Humans often keep a steady pace on FI instead of showing the usual scallop. The researchers asked whether a VR history would create that same steady pace in rats.

02

What they found

The VR history did raise the rats’ overall response rates on FI. Still, the animals did not copy the human pattern of steady, undifferentiated responding. They kept some rat-typical timing even with the higher rates.

03

How this fits with other research

Pisacreta (1982) and Poppen (1972) showed that human FI performance can lock into persistent pause or constant-rate styles. The 1995 rat study tried to recreate those human styles by giving rats VR experience first. It did not fully work.

Alba et al. (1972) found that rats only show FI-like patterns in avoidance when a signal marks the reinforcer. Together, these papers say that extra cues or histories shape FI responding in both species, but rats still respond like rats.

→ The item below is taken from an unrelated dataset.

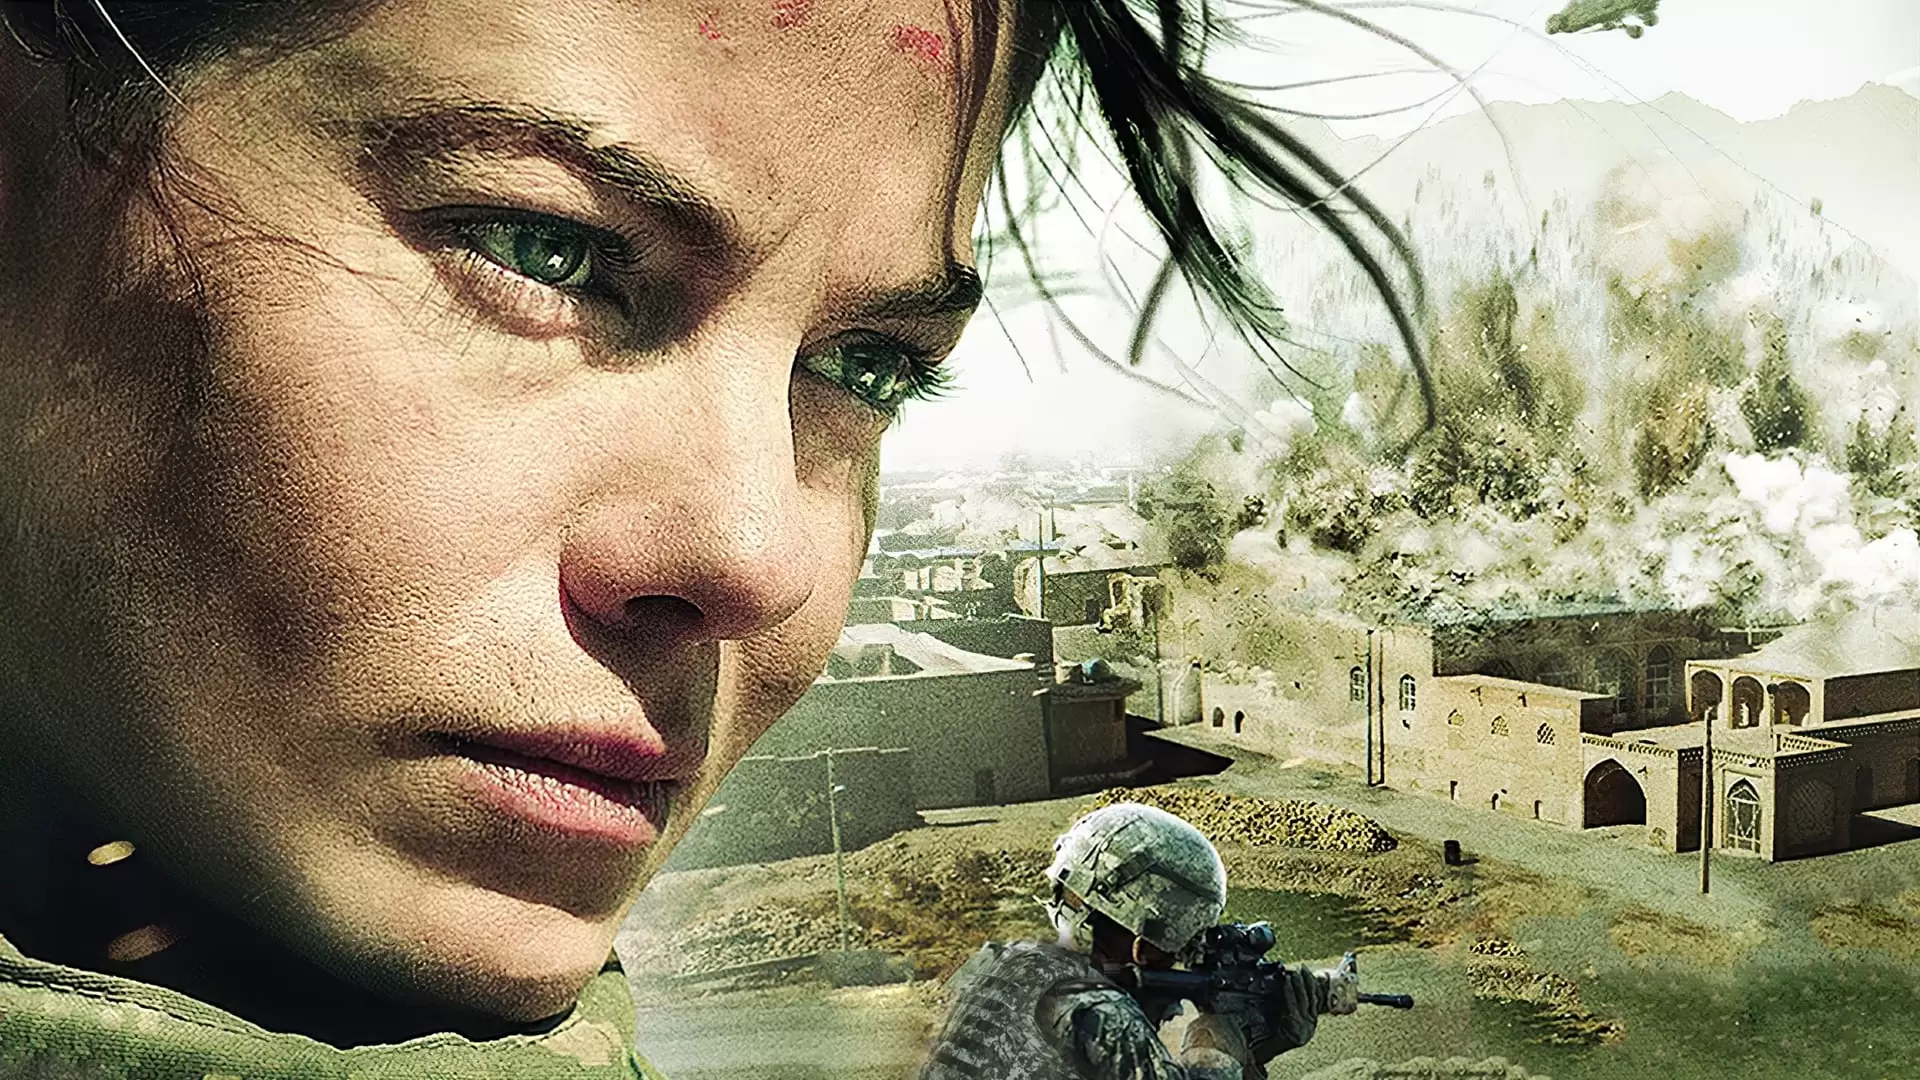 دانلود فیلم Fort Bliss 2014 با زیرنویس فارسی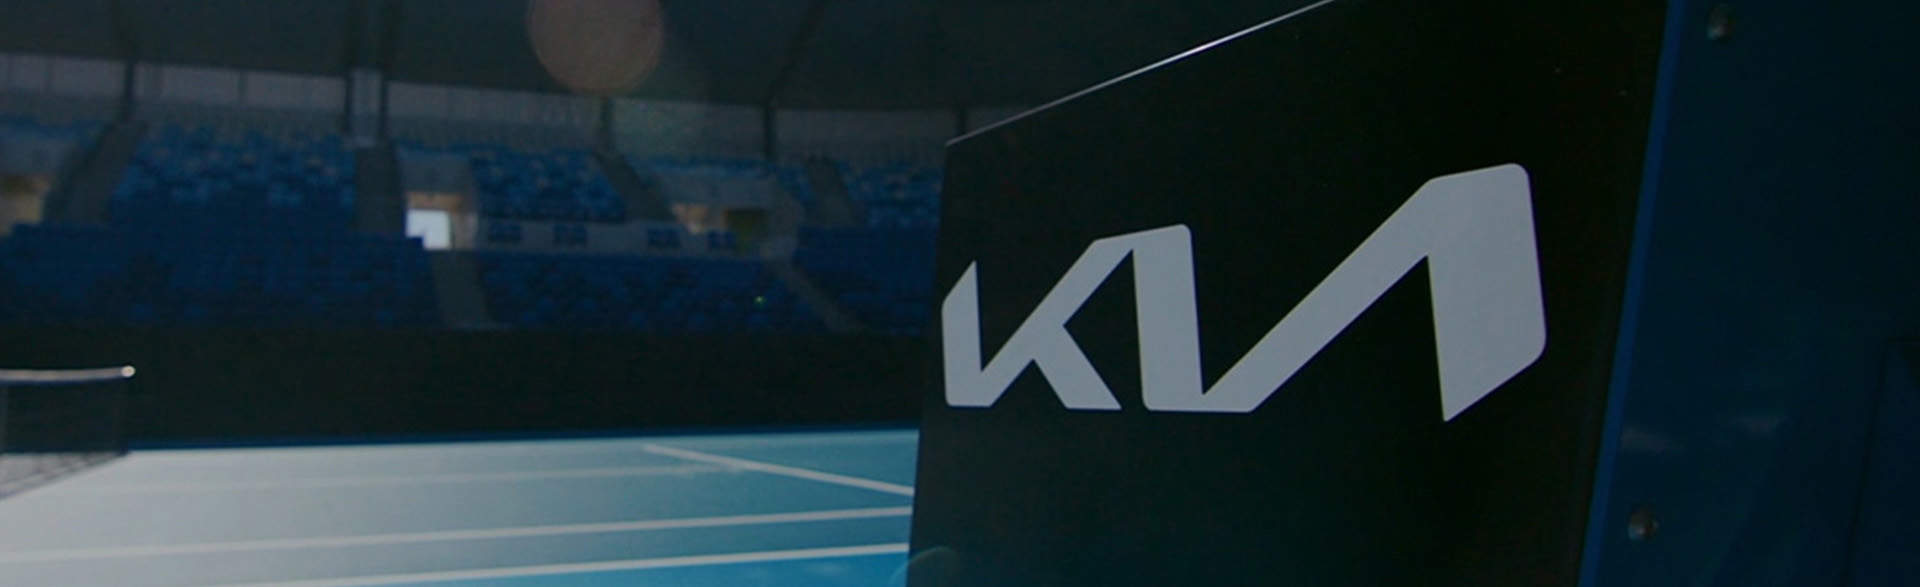 Kia, auspiciante principal del Australian Open

Wearden et al. (1983) noted weak autocorrelation in FI pauses. Adding VR history boosts rate, yet the basic pause-and-run structure stays, matching their view that pause length is hard to change.

04

Why it matters

If you hope to model human schedule control with animal work, remember that history helps but does not erase species differences. For clinical practice, watch for similar limits in your clients: past reinforcement can raise activity levels without changing the deeper timing pattern. Track both rate and shape when you assess skill or stereotypy.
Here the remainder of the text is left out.